START Data in this exercise
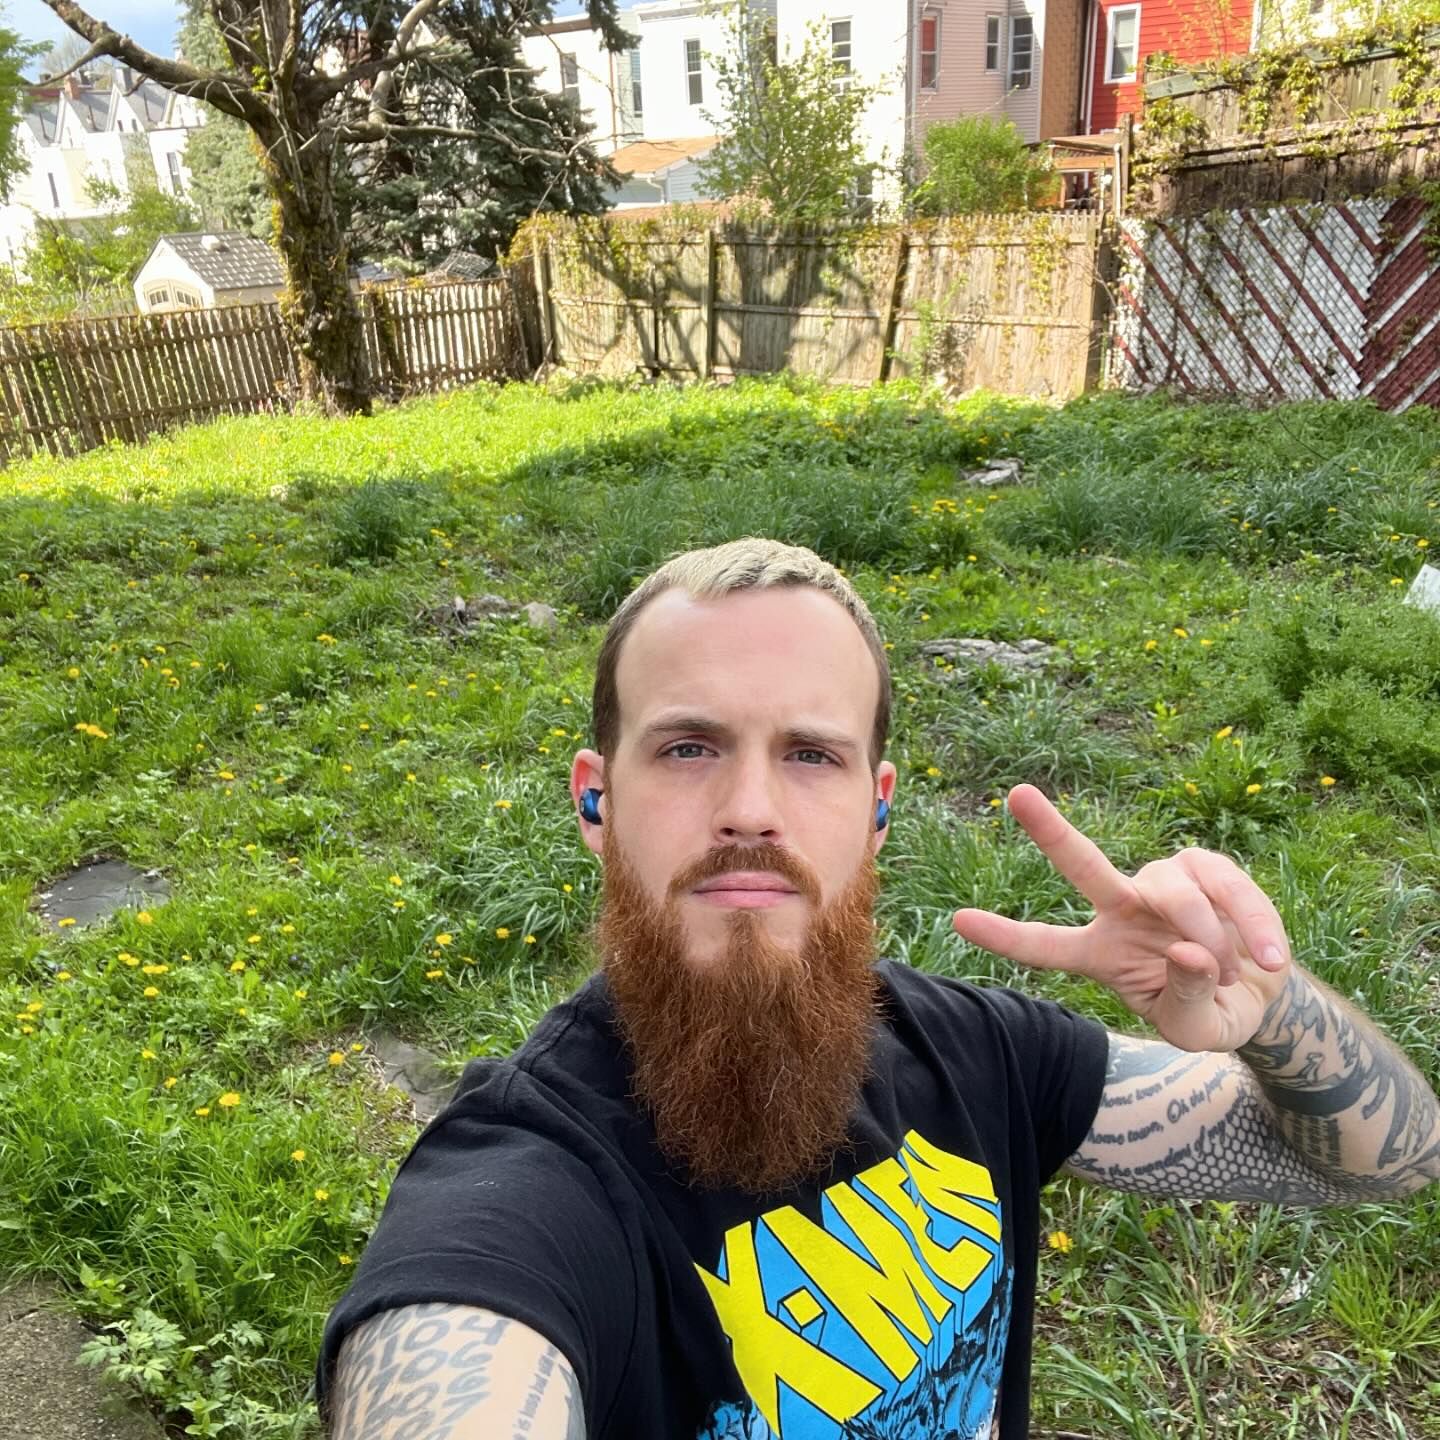 I’ve lived in my building for 9 years and one big RAGERT I have is that I’ve never been able to stick to transforming the surprisingly large backyard to make it a lil cuter and more usable. It’s got a lot of issues that I’ve realized are difficult to tackle solo when you’re also tackling physical BS, BUT I paid a lil visit back there this week to appreciate her as she is right now. Lots of native plants and memories of work I’ve done ❤️ 

1. Derp 🤠 Ask me about my X-Men fanfic character
2. It’s big!
3. Some blooming moss 😍
4. Grass has grown through this window screen, so much so that I couldn’t even lift it up! #natureishealing 
5. Couple years ago some BIG branches fell into the yard so I cleaned them up and made an f-slur I mean bundle of sticks

6. The top layer of basically the whole yard is filled with rocks, tile, old wall pieces, glass, and metal from prior construction inside the building. Even while I’ve lived here I’ve witnessed the VERY STUPID BAD practice of contractors dumping all sorts of debris (🐈‍⬛) while they work, and it was one of the main factors why I’ve given up before. It’s exhausting trying to clean that shit out. 😫 BUT I’ve made several cute piles and increased border security with a lot of larger rocks.

7. My FAVORITE weed (aside from the devil’s lettuce) is #GaliumAparine aka Cleavers or Catchweed and I remember making little Miss America sashes out of them or throwing them at each other when I was a wee one ❤️ and there’s LOTS of it back here! She even caught some trash lol

8. I’ve thought of this tree as a SCOURGE, a dead thing housing wasps that I’d have to call the city to chop down before it collapses. BUT! It’s got some young branches shooting out and #CarolinaCreepers climbing up the trunk, and I remembered, trees are here with us, not against us. And she’s not done being alive! 🌱

9. First #Ladybug of the season 🥰🥰🥰🥰
10. Not sure how well it shows on camera, but there’s also some WILD mounds and unevenness I’m not sure how to tackle without a team, but you can also see some PRIME growing space 😍 

Let’s see if I can make it any better this spring :) 🌸
END Data in this exercise
Repeat, with no pictures, every line from the top of the entries above through the line that has "5. Couple years", keeping each one exact.

• Your solution:
 I’ve lived in my building for 9 years and one big RAGERT I have is that I’ve never been able to stick to transforming the surprisingly large backyard to make it a lil cuter and more usable. It’s got a lot of issues that I’ve realized are difficult to tackle solo when you’re also tackling physical BS, BUT I paid a lil visit back there this week to appreciate her as she is right now. Lots of native plants and memories of work I’ve done ❤️ 

1. Derp 🤠 Ask me about my X-Men fanfic character
2. It’s big!
3. Some blooming moss 😍
4. Grass has grown through this window screen, so much so that I couldn’t even lift it up! #natureishealing 
5. Couple years ago some BIG branches fell into the yard so I cleaned them up and made an f-slur I mean bundle of sticks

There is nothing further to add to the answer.